Pathologically, CPM is characterized by symmetrical, non-inflammatory demyelinating lesions. Lesions in the pons are usually confined to the basis pontis, but may extend to the tegmentum. In EPM, the midbrain, thalamus, basal nuclei and cerebellum can be involved. The central pontine area contains an admixture of white and grey fibres organized in a tight grid-type arrangement making it particularly vulnerable to osmotic demyelination. EPM also occurs in the areas of greatest grey and white admixture. Cellular oedema caused by changing osmotic forces may lead to compression of fibre tracts and in turn causing demyelination. 15
The clinical features of CPM are highly variable. Pseudobulbar palsy due to involvement of the cortiocobulbar tracts leads to head and neck weakness as well as to dysphagia and dysarthria. Involvement of the corticospinal tracts causes quadraparesis, which is initially flaccid, becoming spastic later. Coma and confusion result from lesions in the pontine tegmentum or thalamus and a large basis pontis lesion can cause a locked-in syndrome characterized by paralysis of the lower cranial nerves and limb musculature. MRI is the investigation of choice and has been shown to be a sensitive tool in detecting CPM. 16 However, neuroimaging will not always demonstrate a lesion which highlights the importance of thorough clinical examination. Appearance of CPM on imaging may be delayed. If clinical suspicion is strong, then repeat imaging 10–14 days later is warranted.
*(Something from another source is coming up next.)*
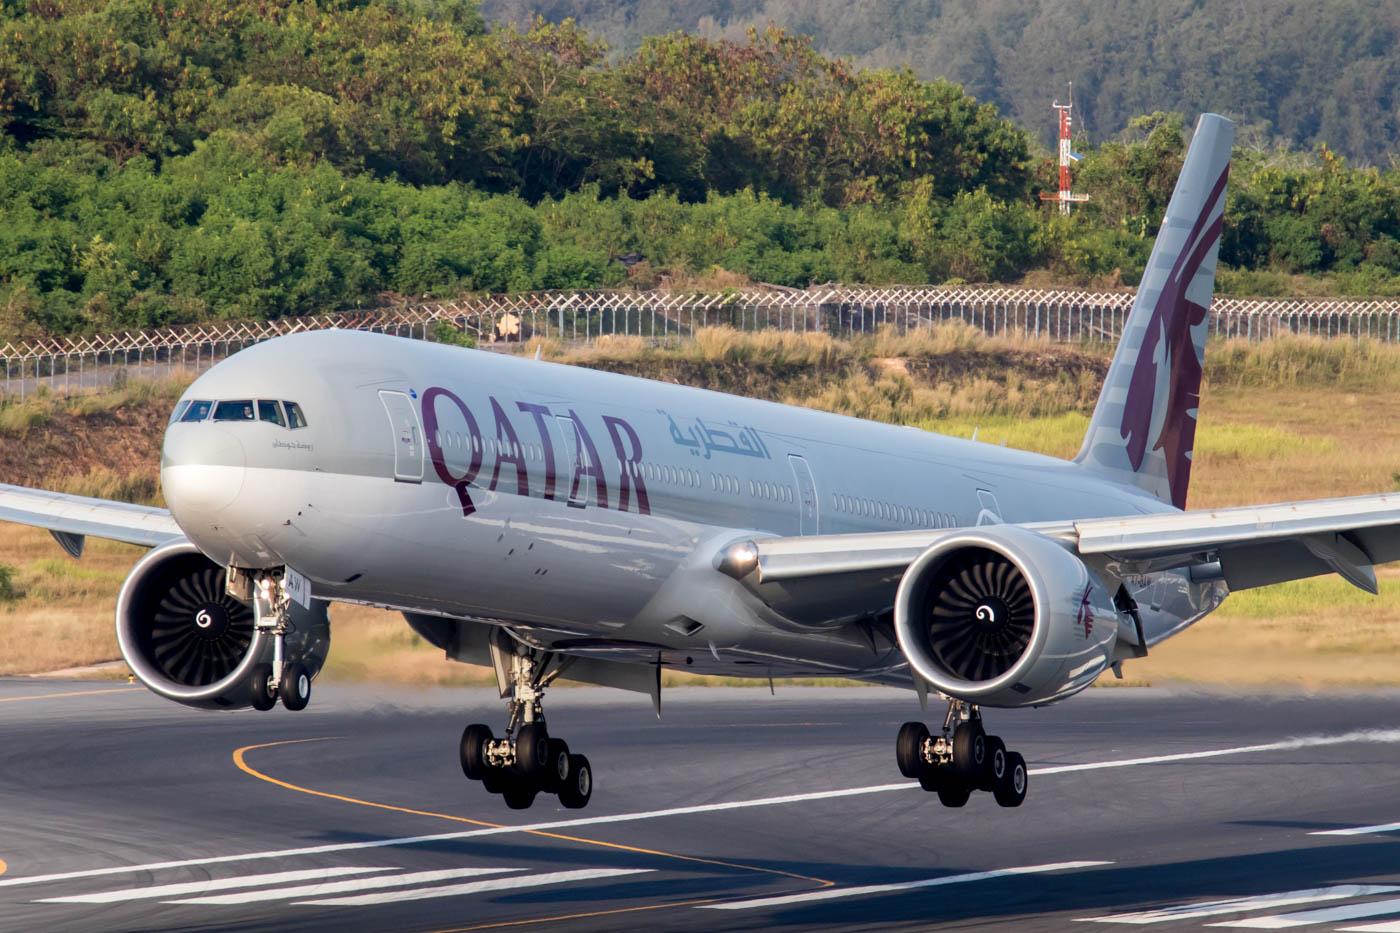 Qatar Airways 777-300ER at Phuket Airport
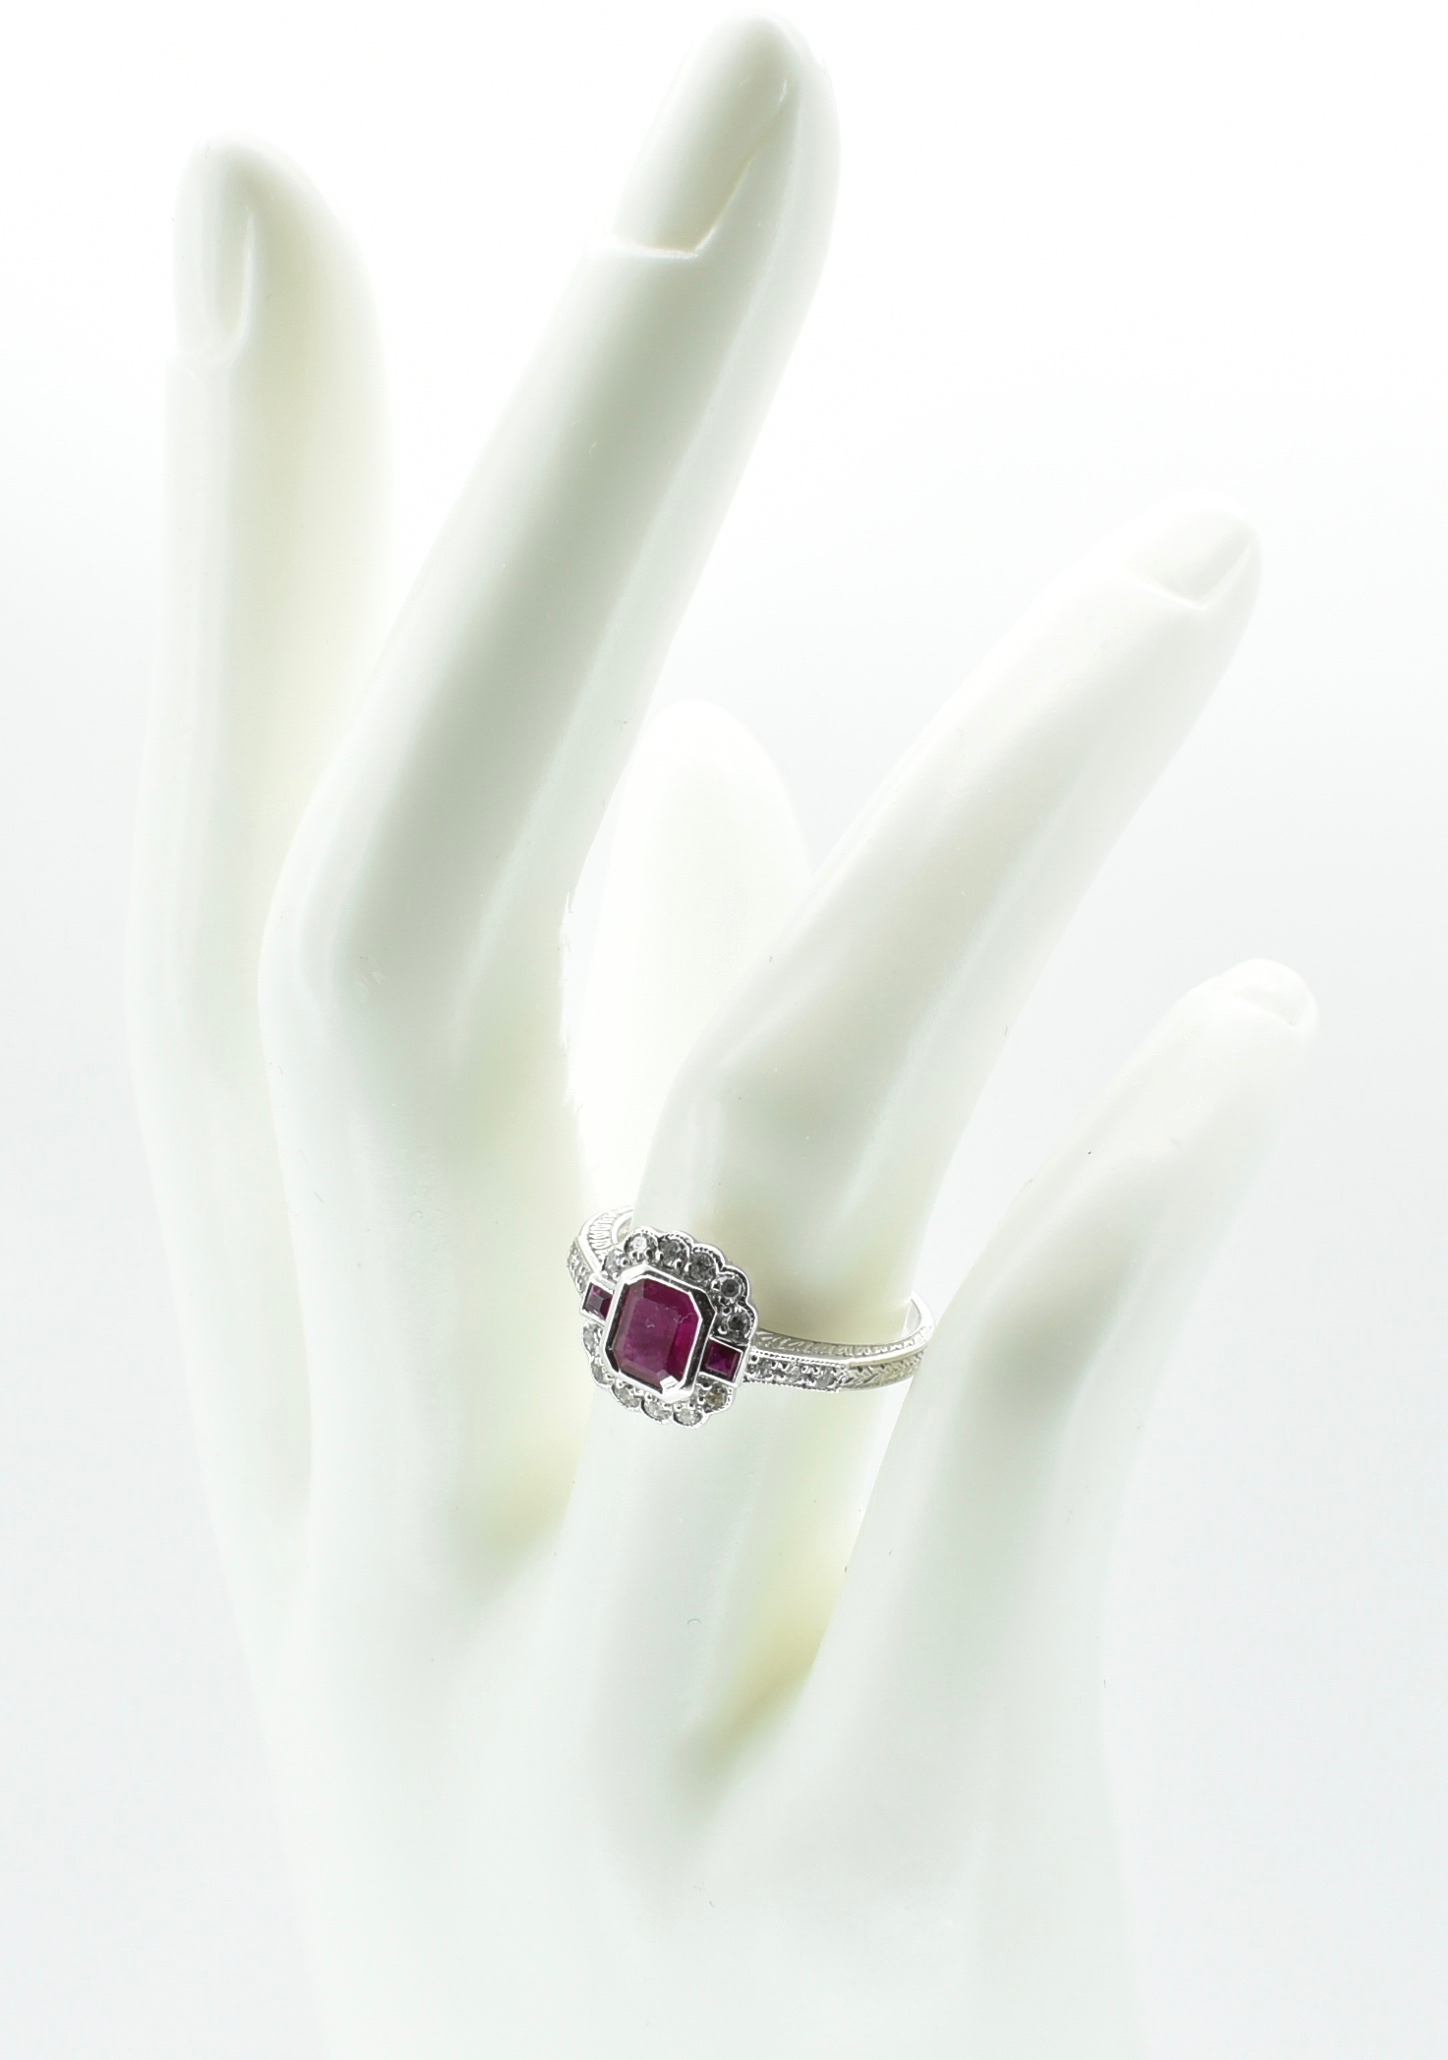 18CT WHITE GOLD RUBY & DIAMOND RING - Image 2 of 5

CPM was previously considered to be a fatal condition diagnosed postmortem. However, the greater availability of neuroimaging has resulted in an increased rate of diagnosis and less severe or even asymptomatic cases are now seen. In a recent series of 34 patients with CPM, two patients died, 10 survived but were left dependant, 11 had some neurological deficit but were otherwise independent and 11 patients made complete recovery. 16 Patients who survive CPM are likely to require extensive rehabilitation and input from the multidisciplinary team.
This case illustrates to clinicians the complexity of managing patients with HHS and the importance of cautious correction of hyperglycaemia and the appropriate management of fluid replacement and electrolyte imbalance. Inappropriate treatment with too rapid a shift in plasma osmolality can unfortunately lead to the potentially devastating complication of CPM.